What do you get when you run type dnsdomainname in the terminal? I suppose that I can use an alternative method of getting the domain if this command is not available.

carlalexander commented 8 years ago

hostname -f returns Carls-MacBook-Air-2.local. So there's the dot. I suggested it because according to the man page on Linux -f and --fqdn are the same.

dnsdomainname doesn't exist. I'm not sure what command to use for that one.

The other issue that I just looked at is that openssl is out-of-date. So that's something to keep in mind as well for Mac OS X users. Also there was some notes when I installed it, I'll copy them here in case they're useful:

A CA file has been bootstrapped using certificates from the system
keychain. To add additional certificates, place .pem files in
  /usr/local/etc/openssl/certs

and run
  /usr/local/opt/openssl/bin/c_rehash

This formula is keg-only, which means it was not symlinked into /usr/local.

Apple has deprecated use of OpenSSL in favor of its own TLS and crypto libraries

Generally there are no consequences of this for you. If you build your
own software and it requires this formula, you'll need to add to your
build variables:

    LDFLAGS:  -L/usr/local/opt/openssl/lib
    CPPFLAGS: -I/usr/local/opt/openssl/include
drybjed commented 8 years ago

I will take care of the dnsdomainname by parsing hostname -f, I hope that MacOS X handles Bash variable substitution, you never know...

How out of date that OpenSSL is? Can it be updated? I suppose that if you provide me with functions that handle certificate request generation, key generation, signing, etc., they could be added to the script. That's how it supports both OpenSSL and GnuTLS right now, so one more shouldn't hurt.

Although, as with GnuTLS right now, I'm not sure how extensive Apple-TLS-based CA would be. From my experiments, GnuTLS CA is pretty limited, that's why I chose OpenSSL as a default CA.

Did the new shebang do the trick?

carlalexander commented 8 years ago

Yes! sorry forgot about that. The she bangs seems to have worked.

drybjed commented 8 years ago

OK then, I'm working on updates to the role.

drybjed commented 8 years ago

@carlalexander The https://github.com/debops/ansible-pki/pull/43 pull request should fix some issues on MacOSX.

carlalexander commented 8 years ago

Thanks will test it out soon. I'm flying tomorrow so weekend more likely.
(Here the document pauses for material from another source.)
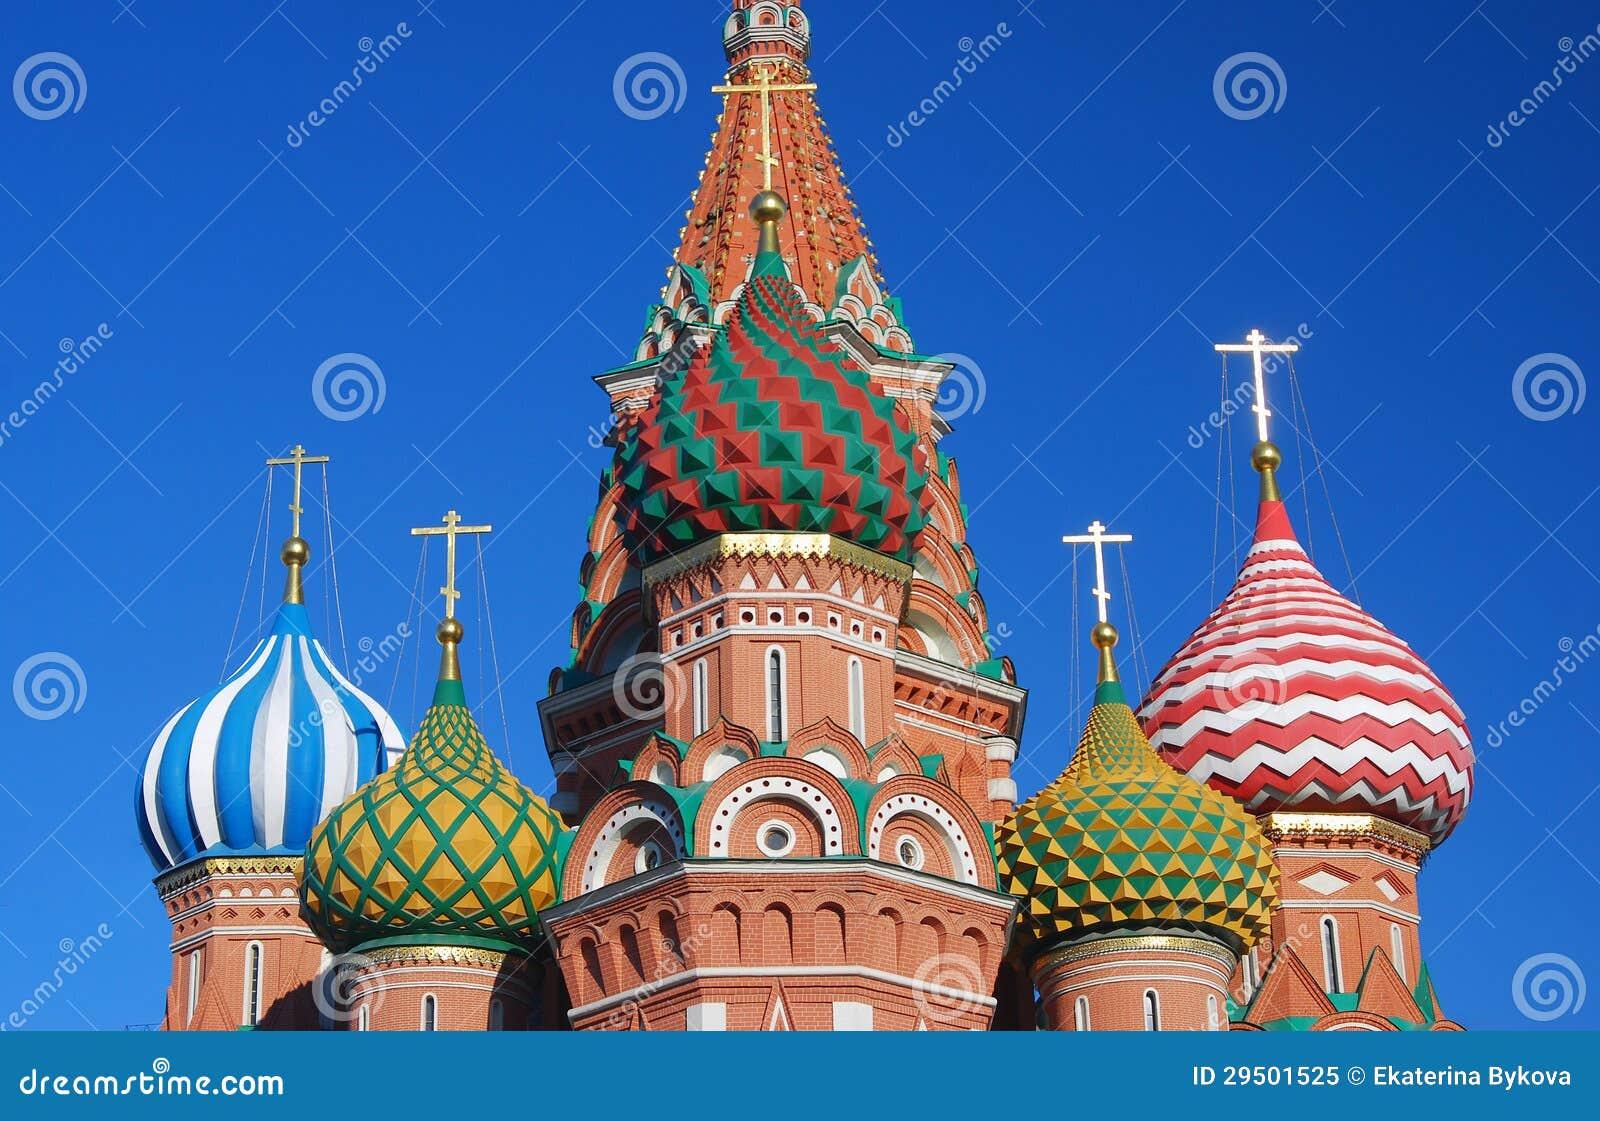 St. de Kathedraal van het basilicum, Rood Vierkant, Moskou, Rusland.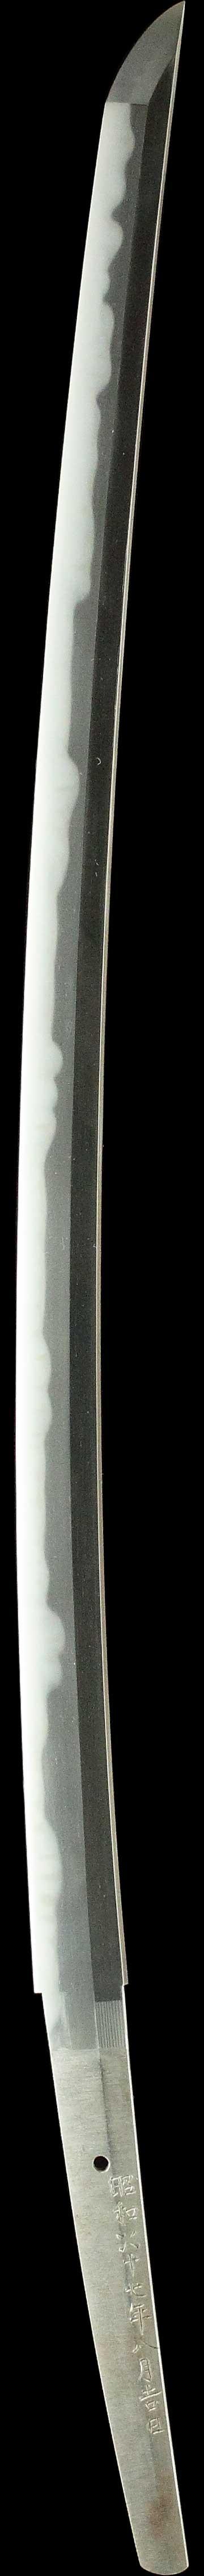 小沢正寿の刀身縦表全景

carlalexander commented 8 years ago

I just tried it with your changes from #43. Works fine now!

antoineco commented 7 years ago

I would vote for reopening this, since some issues still prevent this role from working on OS X:

TASK [debops.pki : Sign certificate requests for current hosts] ****************
fatal: [ec2-1-2-3-4.eu-central-1.compute.amazonaws.com -> localhost]: FAILED! => {"changed": false, "cmd": ["./lib/pki-authority", "sign-by-host", "ec2-1-2-3-4", "ip-172-31-49-63.eu-central-1.compute.internal"], "delta": "0:00:00.015779", "end": "2016-09-02 23:08:54.622601", "failed": true, "rc": 2, "start": "2016-09-02 23:08:54.606822", "stderr": "./lib/pki-authority: line 82: declare: -g: invalid option\ndeclare: usage: declare [-afFirtx] [-p] [name[=value] ...]", "stdout": "", "stdout_lines": [], "warnings": []}
drybjed commented 7 years ago

@antoineco This is due to an old bash version on MacOS X. I suppose that the pki-authority and perhaps pki-realm scripts would need to be rewritten in Python to fix that permanently. I wrote them in Bash initially because most things they do is move/link files around and run openssl and certtool commands. In Python, I would probably use the respective libraries instead, but I didn't have the drive to learn that at the time. At that moment I was also doing the complete role redesign, and Bash for me seemed a good idea for a first implementation.

Alternatively, you could update your Bash to 4.x version, that should work fine.

antoineco commented 7 years ago

@drybjed you're right, I though the -g flag was the issue but actually associative arrays are also a feature added in bash 4.2.

On OS X a simple brew install bash will install GNU bash, version 4.3.46(1)-release (x86_64-apple-darwin15.5.0) and your script will use it automatically. Thanks for your answer!